Commissioned by Sound Travels in 2003, the Singing Maze is a “sonic treasure hunt” that took place on Toronto’s Centre Island. It is a whimsical fairy tale in which riddles are offered at various sites across the island. The story of a girl who metamorphosed into a bird unfolds, as the riddles point to fantastical sights and sounds of birds, musicians playing and singing. Using low watt radio devices to create sonic illusions, participants are gradually led into a shrubbery maze where mysterious voices colour their path.
The riddles refer to different birds that actually frequent Toronto’s islands; the pigeon, swan and loon. The solution to each riddle can be found by an electroacoustic soundtrack made from the sounds of each bird, played on a cd player or radio. The music is playful and somewhat irreverant, since the idea of “purely natural sounds” in this environment so close to our nation’s largest city is unrealistic.

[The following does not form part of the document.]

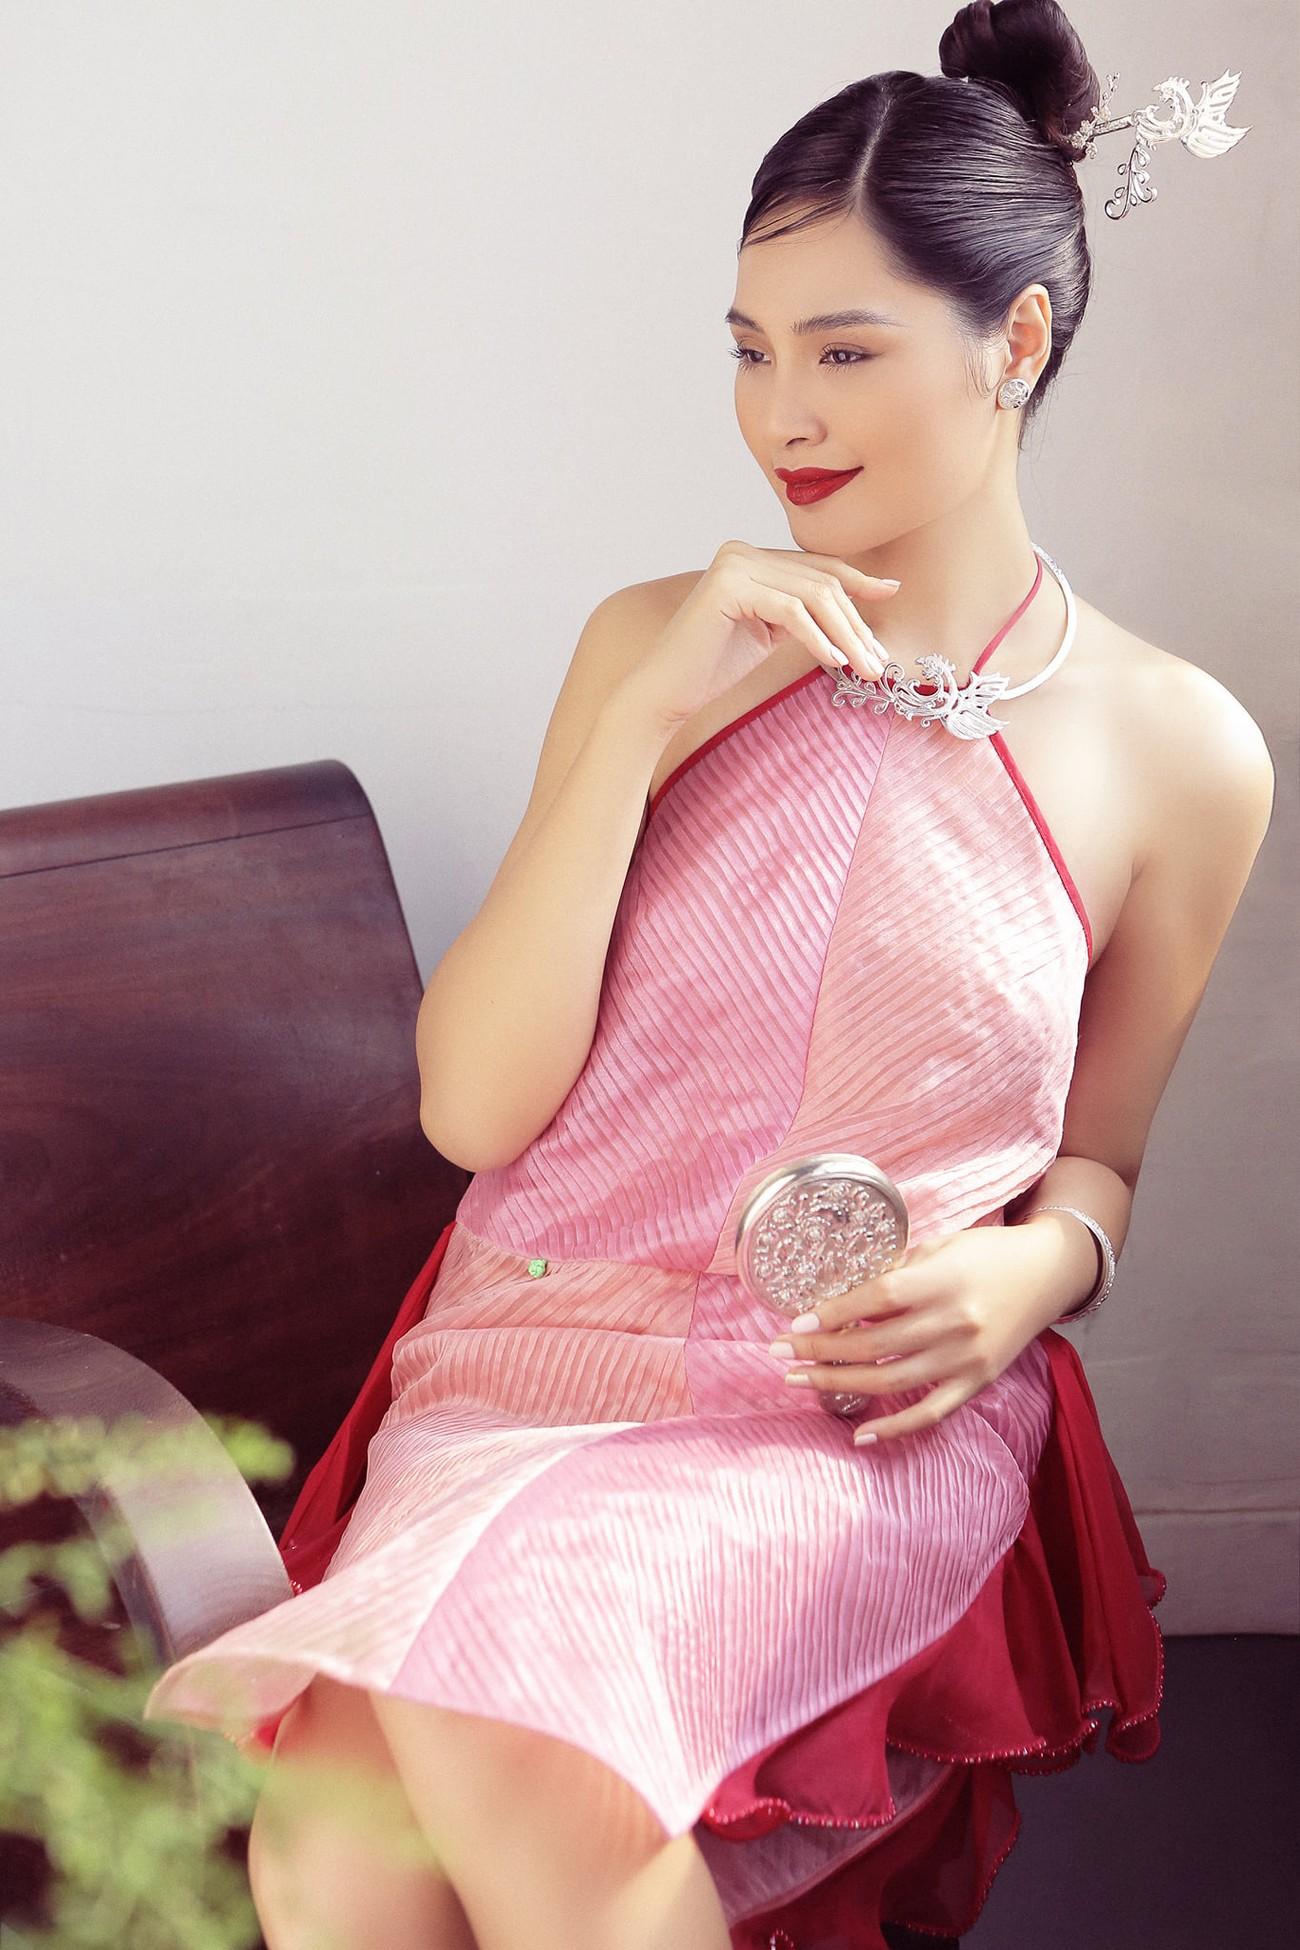 """""""Hoa hậu đẹp nhất châu Á 2009"""" Hương Giang đẹp gợi cảm hút hồn sau 11 năm kết hôn ảnh 5"""

The Singing Maze is based loosely on the idea of “soundwalk,” as in the practice of acoustic ecology. However, in this case, participants and children of all ages are encouraged to find the solution to the riddle through acute listening. This piece was created as a response to the gruesome murder of a young girl in Toronto in 2003, creating pandemic fear for childrens’ safety. The Singing Maze is intended to give a secure context in which to wander, hide and discover.
“The girl (was it Leda?) was so gifted in song that only winged creatures could follow along. Her voice did beguile them, and will lead you on to find the next clue with the trumpeter swan.”
All of the riddles in the Singing Maze were composed while in residency at the Gibraltar Point Arts Centre on Toronto Island. The bird references are because of their actual presence on the island. The swan ride at Centre Island is a familiar site to all locals. The accompanying soundtrack reflects the comic nature of this particular “wildlife” siting with a jazzy trumpet riff.
The next riddle was meant to be with a performer in a swan boat, but although an agreement was made prior to event, the manager refused to allow participation in the event.
From the top of the bridge in Centre Island, just next to the fountain is a square of lawn with 16 trees placed symmetrically. Despite their formal order, they hold a promise of the wild. Faeries (island locals) could be seen running, hiding and running again in a seemingly silent dance, just in front of … the Singing Maze.
At the center of the maze is the tallest tree. In that tree, a low watt radio transmitter was placed, transmitting on the FM dial out to any radio tuned to that frequency. There I am, singing into a microphone which is plugged into the transmitter. I’m a radio pirate!! I’m singing like a bird and dropping feathers down to all who make it to the center of the Singing Maze.
The hedge is a wondrously mysterious space, where hidden radios are playing the sounds of the mythical girl-bird, calling participants to go this way and that way.
This piece was created as a response to the gruesome murder of a young girl in Toronto in 2003, causing pandemic fear for child safety in that area.The Singing Maze is intended to give a secure context in which to wander, hide and discover.
Performers were members of the Toronto music community, locals from the Island or friends. As always, audience members are gradually coerced into participating.